A report card will be released in time for Florida’s August 2014 primary that will grade candidates based upon their positions on the coalition’s issues, said McCluskey.
“The aim is to broaden participation in the democratic process,” said McCluskey, “and increase voter turnout by educating voters on the significant impact that local elections have on our everyday lives.”
“It’s important that the people have a say in what’s going on in local government,” said Steve Wisniewski, president of Communications Workers of America Local 3108, which represents AT&T and Verizon workers in Central Florida. “Too often, big businesses are controlling the decision-making in this county, and it’s time that we returned that power to the citizens.”
Denise Diaz, lead organizer for Central Florida Jobs with Justice, said living wages were a “key issue” for the dozen groups behind the People’s Platform, which includes the National Council of La Raza, Service Employees International Union Local 1199 and Amalgamated Transit Union Local 1596–which represents drivers for Lynx, the public bus service for Metro Orlando.

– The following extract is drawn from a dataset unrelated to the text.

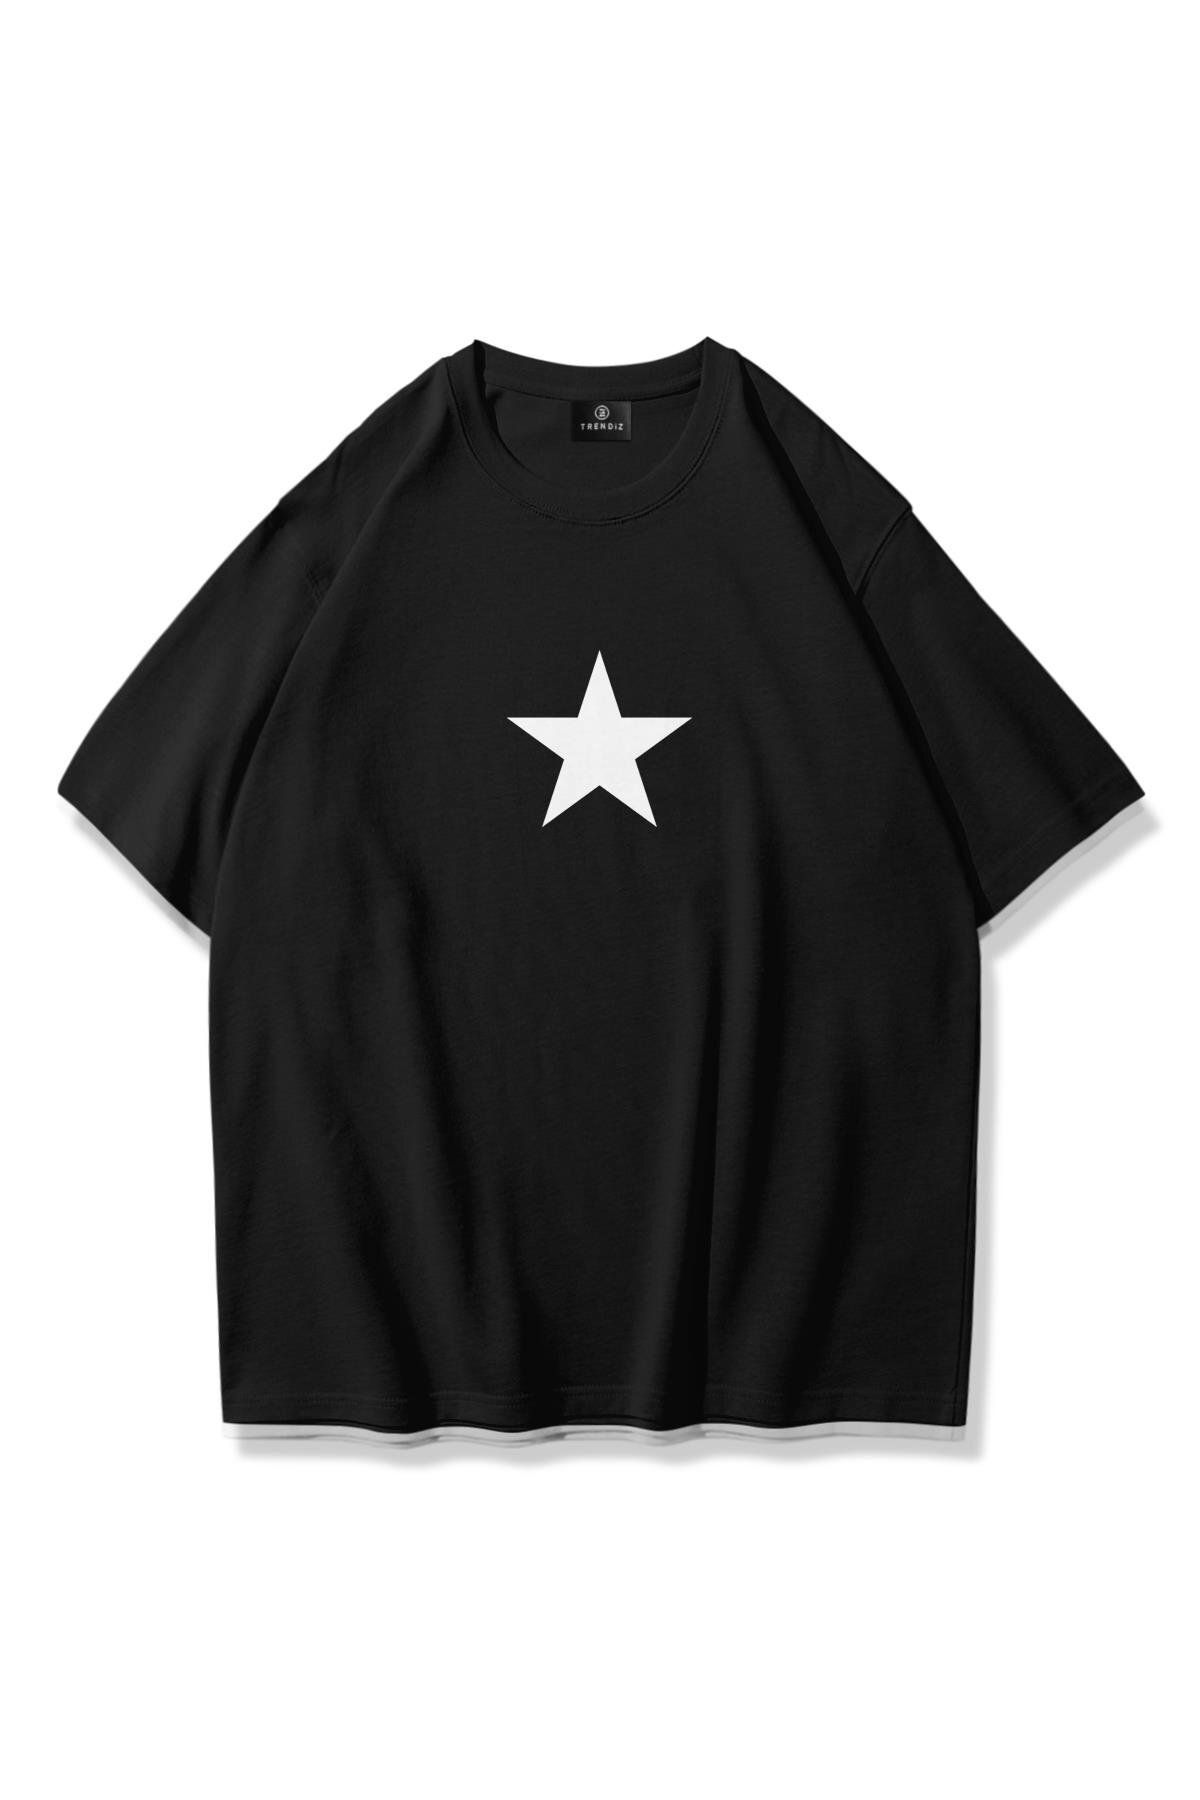 Trendiz Unisex Star Tshirt Siyah

“No worker should have to live off of poverty wages,” Diaz said, noting that local corporations such as Darden Restaurants (Olive Garden, Red Lobster) and attractions such as Disney are making record profits. “People should be able, in this county, to work 40 hours a week and take care of their families off of that.”
Although the coalition did not say what a “living wage” would be in Orange County, a family of four needs yearly earnings of at least $23,550 to be considered above the threshold of poverty, according to current guidelines from the federal Department of Health and Human Services.
Florida’s minimum wage is $7.79 an hour, as of 2013 ($4.77 for tipped workers). The Orlando Sentinel recently reviewed data from the federal Bureau of Labor Statistics about wages in Central Florida. Among their findings were that Metro Orlando, with an economy dominated by tourism and service industry employment, ranks No. 2 among the top 100 U.S. metro areas for the number of local jobs – 37 percent – that pay less than $25,000 a year.
Diaz, whose group also works on issues of public transportation and wage theft, called upon officials to create a dedicated source of funding for Lynx to avoid cuts in service and overcrowded buses.
Local organizations have begun documenting incidences of wage theft in Central Florida, which Diaz called a “rampant” problem. Currently, only the Sunshine State’s Miami-Dade, Broward and Alachua counties have ordinances that allow workers to recover monies due them when bosses have shortchanged them on compensation.
Steve Camacho, public information officer for Fraternal Order of Police Lodge 86, representing 800 corrections officers in Orange County, said that turning government functions over to private companies has proven unsuccessful because the companies’ main concern is making profits.
“Privatization leads to paying more for less,” said Camacho. “The profits must come from somewhere, and that somewhere generally is the quality of service.”
Sept. 11 marked the one-year anniversary of the Orange County Commission’s willful violation of its own charter by its refusal to place an earned sick-time ordinance on the ballot, despite more than 70,000 voters having signed petitions requesting that. If the measure had passed, companies with 15 or more workers would have been required to give them up to seven days of sick time annually.
Prior to their vote, the commissioners and county Mayor Teresa Jacobs had been lobbied by the Chamber of Commerce and corporations such as Disney, Darden and Mears Transportation. It later came to light that Jacobs and the commissioners had been texting with big business representatives while discussing whether to place sick time on the ballot.
A three-judge panel ruled in February that the measure had to appear on the August 2014 ballot. That vote has, however, been made moot by passage this year of a law that stops Florida counties and cities from mandating employee benefits.
Additionally, a lawsuit has been filed seeking to knock sick time off the ballot again, citing the benefits law and the cost of printing ballots with the measure included – although the supervisor of elections has said that keeping sick time on the ballot does not increase his printing costs.
The organizers of the sick-time campaign, which includes Organize Now!, are, said McCluskey, exploring their legal options in response to the law and the lawsuit.